“This is how they fight”

Last night during a panel discussion at Barnard College, I heard choreographer Jawole Willa Jo Zollar of Urban Bush Women talk about what she called the “pitfalls” of the radical left politics she embraced in the ’70s. Mentioning the Black Panthers and other cultural nationalist groups, she spoke of her discomfort with “reducing people to generalities.” To paraphrase, Zollar felt she could not take part in the politics of dehumanization — exactly what the left had come into being to oppose.

Oddly, during this very exchange, Zollar mentioned that she doesn’t like the word “terrorist,” because “these are poor people, without means, and this is how they fight.” With that statement, Zollar reduced the global poor to generalities.
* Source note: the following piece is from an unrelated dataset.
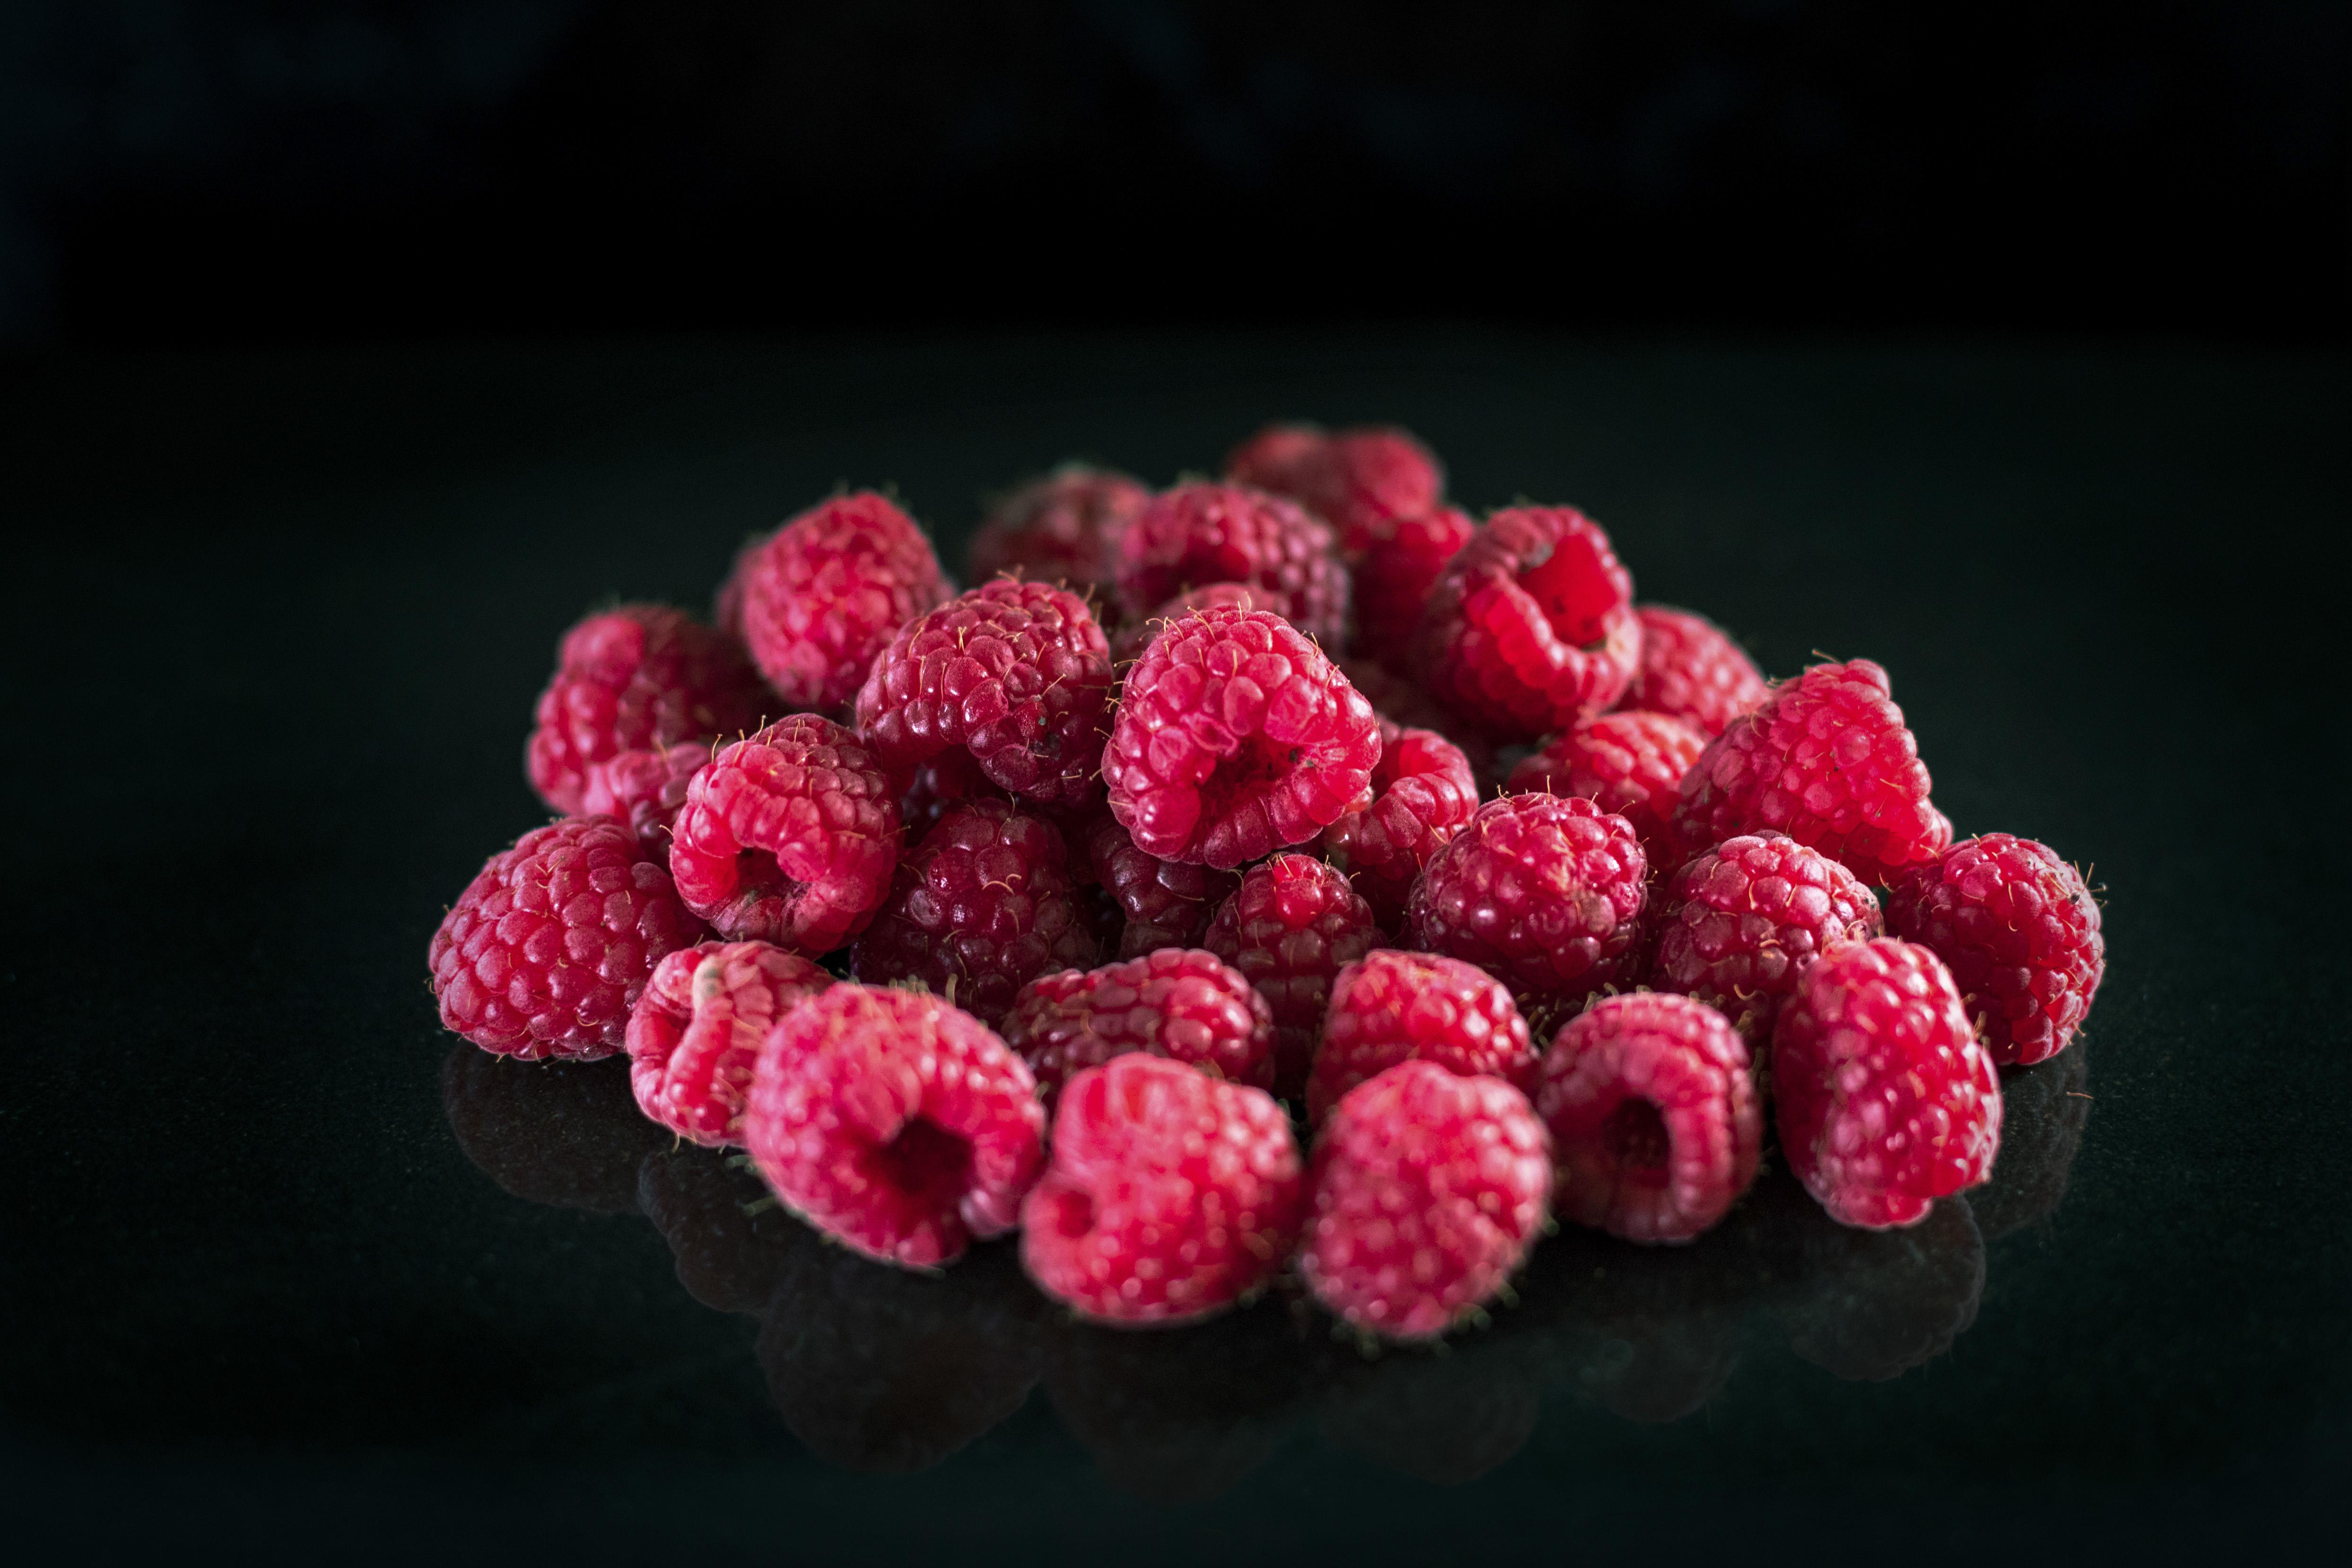 Raspberries against a black background, studio shot

The Zapatistas of Mexico do not engage in terrorism, even though their constituency is extremely poor and without means. ETA, the Basque movement seeking independence from Spain and France, has carried out terrorist attacks for decades, yet there are people far more downtrodden than the Basques. The 9/11 hijackers were not poor or disadvantaged. Hamas, the IRA and the Tamil Tigers of Sri Lanka are highly sophisticated, heavily armed military organizations with international financing. In this August piece for openDemocracy, Zaid Al-Ali wrote about the sectarian militias currently plaguing Iraq:

Over the past few months, guerrillas have been flowing into Baghdad from the north, west and south and have started engaging each other with a view to eliminating each other from the streets of the capital. The groups that are engaged in this struggle are working to eliminate their rivals altogether, one neighbourhood at a time.
[…]
Somewhere in Baghdad, there are people peering over a map of the city and directing operations in the way that Russian and German commanders did in Stalingrad during the second world war.

This is how they fight, indeed. The point is that terrorists do not represent the poor and downtrodden; rather, they all too often make it their business to kill the poor and downtrodden.

Zollar is far from the only eloquent, sensitive, progressive, humanist individual to perpetuate the myth that terrorism is the one option left to the powerless. That this view is so widely accepted on the left is an intellectual and moral calamity. The unbearably crude right-wing response to 9/11 — and the cooptation of human rights rhetoric by the rights-abusing Bush administration — has prevented the left from seeing that terrorism is in fact a human rights issue.

P.S. — By “the left” I do not mean the Democrats, and I know that I’ve been all but silent on the upcoming midterm elections. I hope to rectify that in the coming days.